The National Library of Scotland (NLS) toured the hugely successful feature, "Her Century: Scottish Women on Film", in 19 cinemas, arts centres and festivals across the country in the lead up to lockdown.
The curated collection of archive footage, showing "ordinary women and girls", spanning the 20th century, was scheduled to be the main attraction at the NLS George IV Bridge building in Edinburgh over the summer.
Instead, from Monday, the Library, in partnership with Film Hub Scotland, part of the British Film Institute's (BFI) Film Audience Network, will make the film available to view online for two months.
The "at home" premiere will be introduced by Dr Emily Munro, from the NLS Moving Image Archive, who curated the film.
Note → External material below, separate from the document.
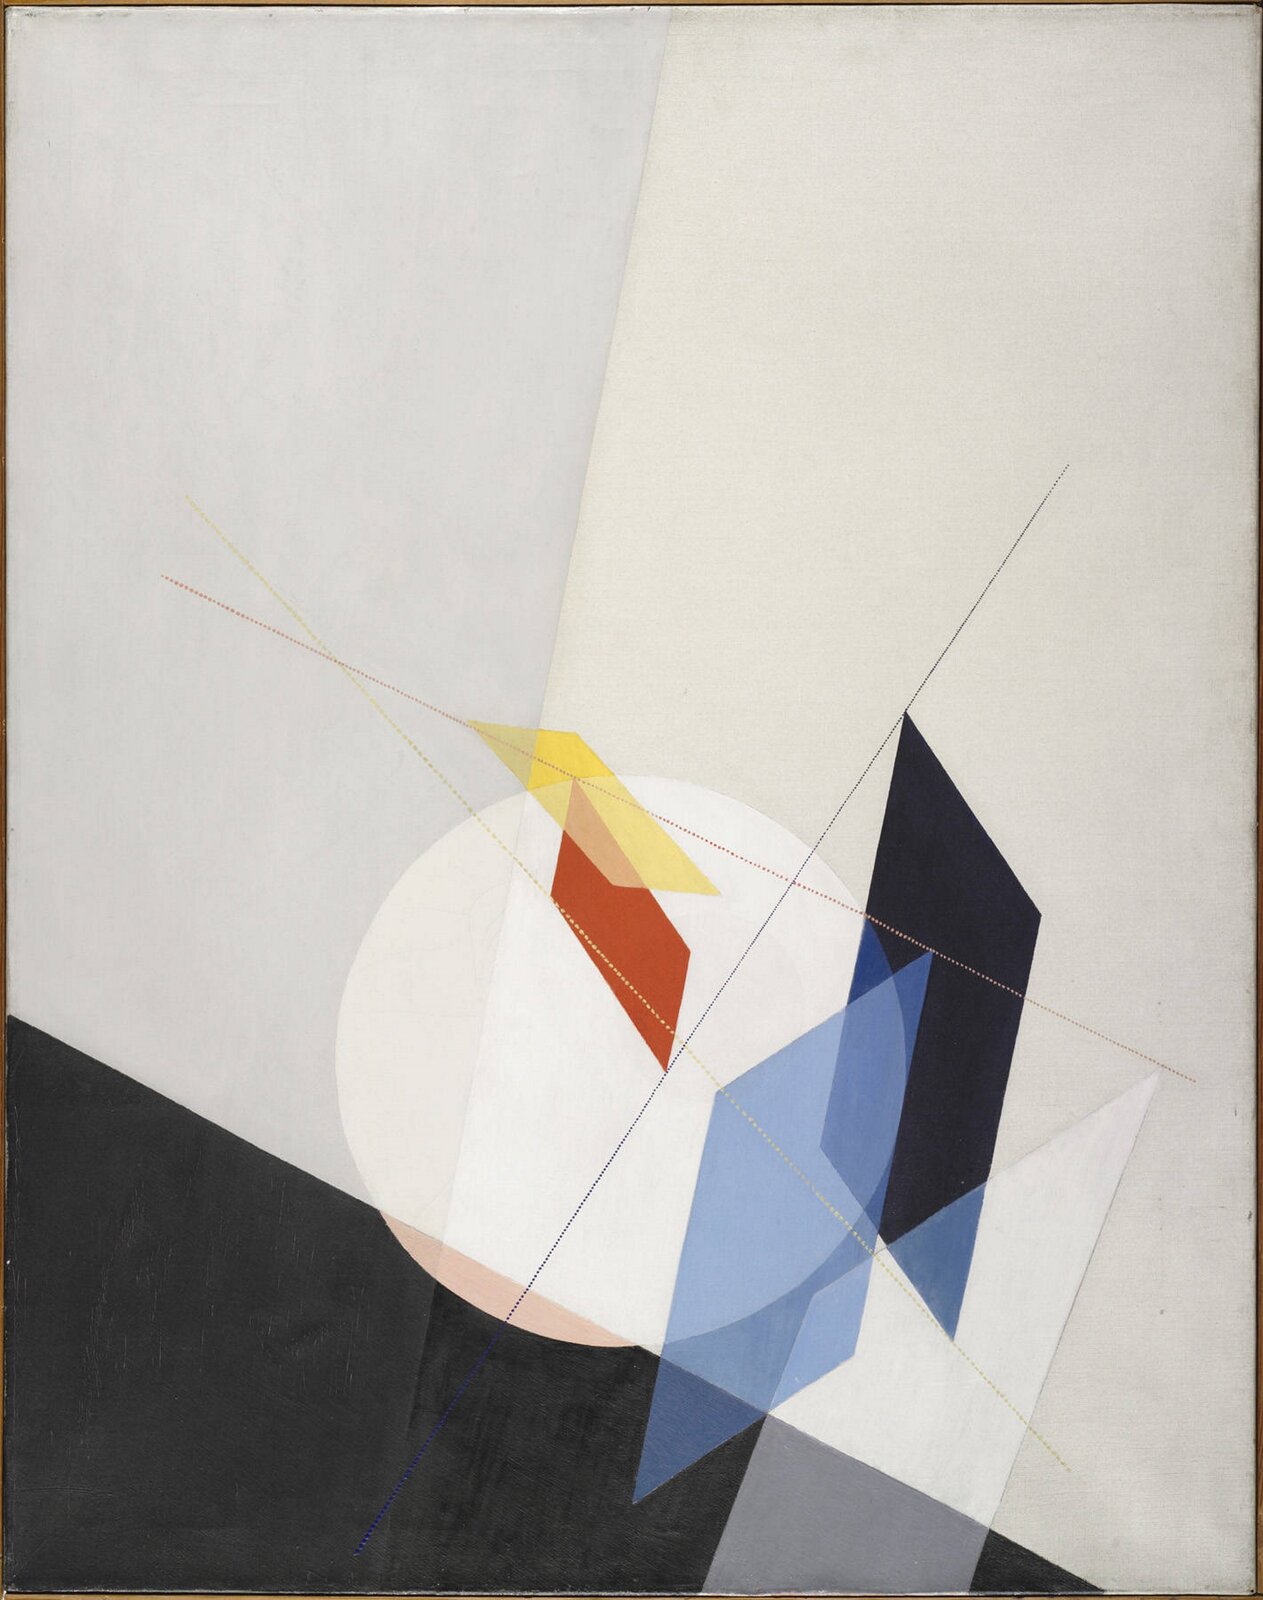 Ilustracja przedstawia obraz László Moholy-Nagy’ego „A 18”. Ukazuje różne, kolorowe geometryczne kształty, przenikające się i nachodzące na siebie. Przestrzeń podzielona jest na trzy pola: dolny, lewy róg zajmuje czarny trójkąt, a w górnej części tło dzieli się pionowo na dwie jasne płaszczyzny

Viewers will also have the opportunity to pose questions using live-chat throughout the screening.
Dr Munro said yesterday: "The films selected for this programme are as wide-ranging as their subject matter. They include educational and promotional material, amateur footage and propaganda.
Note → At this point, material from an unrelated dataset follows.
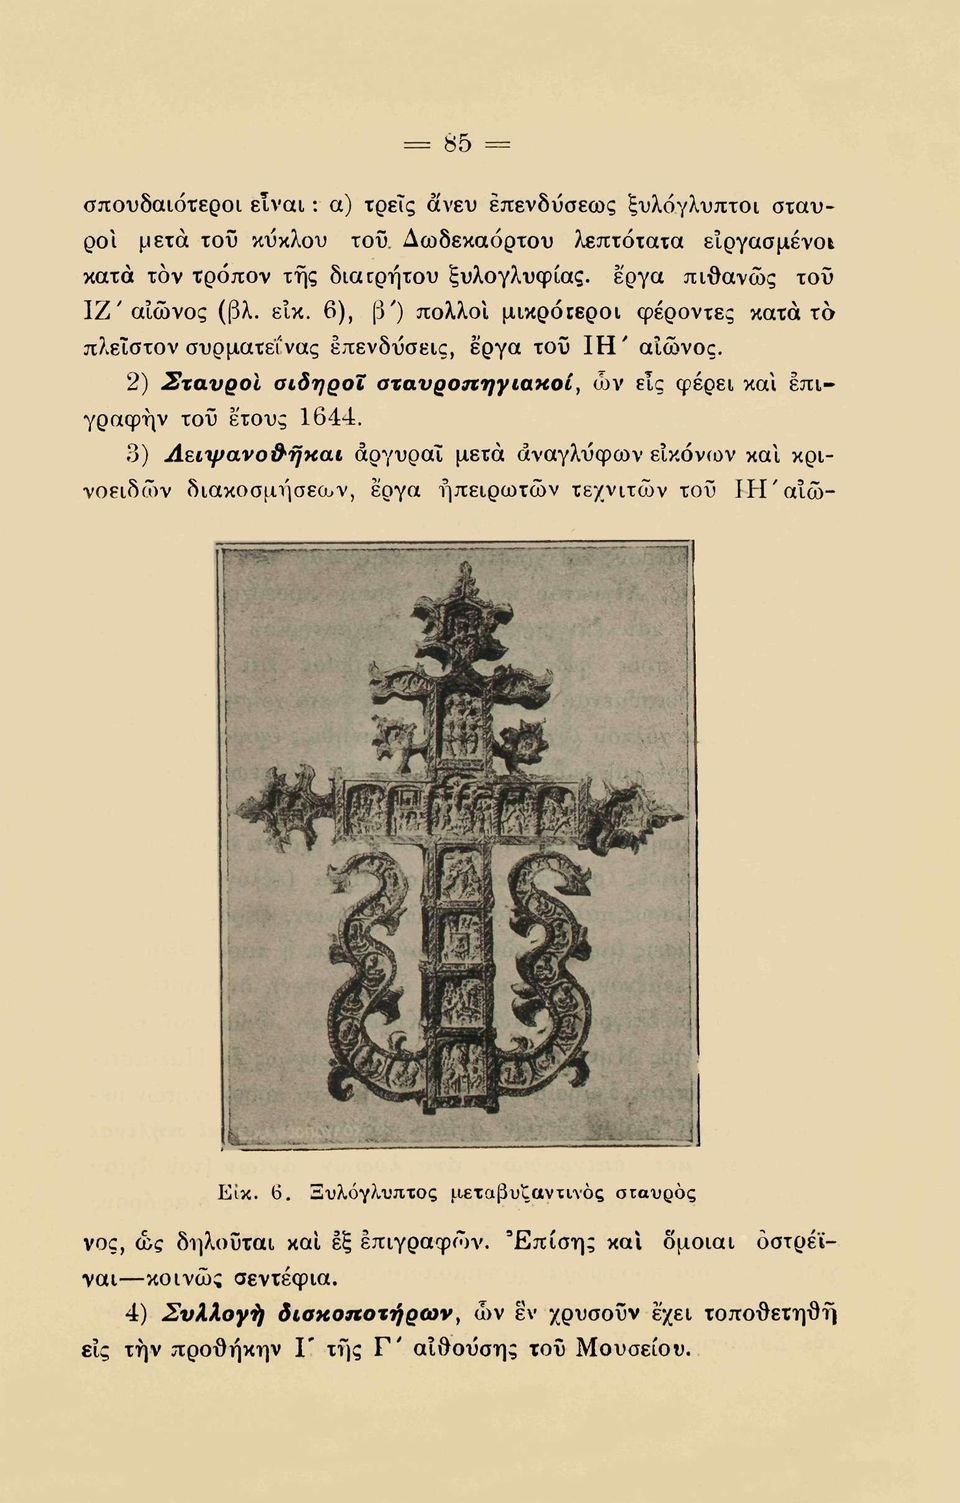 2) Σταυροί σίδηροι σταυροπηγιακοί, ών εις φέρει και επιγραφήν τοϋ έτους 1644.

"The women represented here include crofters, campaigners, factory workers, psychologists, mothers, pilots and educators. Seen together, they show great variation in women?s roles over time.
"The last century was a time of rapid social change in which 'a woman's place' was contested and redefined. I wanted to steer away from the 'monumental' moments of suffrage and the two world wars, drawing instead on the variety of ways in which ordinary women and girls have been represented on film, as scholars, workers, mothers and friends."
The 90 minute film captures women's stories through major social change, challenging their roles and fighting for equality "at work and at home, classroom to croft, girlhood to motherhood".
Highlights include Herring Harvest at Yarmouth, from around 1910, which shows "Scotch lassies" at work gutting and packing fish in Yarmouth, 600 miles from home; and A Day in the Home, a 1951 educational film for domestic science pupils about the "proper" role of the housewife and mother in post-war Scotland.
The 1980 public health film Male and Female, directed by prolific but undiscovered documentary maker Sarah Erulkar, features teenagers discussing their views on gender roles in the 1980s.
Freely available to view online, the film will be able to reach a far larger potential audience than would be possible in the Library itself.
Following the online premiere via the Library's YouTube channel at 5pm on Monday, it will be made available for an exclusive two-month period accompanied by a new dedicated Her Century website and a zine featuring writing from Scotland-based authors.
Nicola Kettlewood, Film Hub Scotland Manager, said: "After the success of the Her Century tour at our member venues and festivals across Scotland, we’re delighted to be working with Dr Emily Munro and the Library team to bring the film and the zine to new audiences online via the dedicated mini-site.
"The appetite for curated archive programming is very much alive in the digital space, and making Her Century accessible for free will help to continue the conversation, both within Scotland and further afield."
Women filmmakers feature strongly in Her Century, including professional filmmakers such as Sarah Erulkar, Budge Cooper and Jenny Gilbertson as well as footage from amateur Scottish documentarian Grace Williamson.
* The online premiere of Her Century: Scottish women on screen takes place on Monday 20 July at 5pm via the Library’s Youtube channel.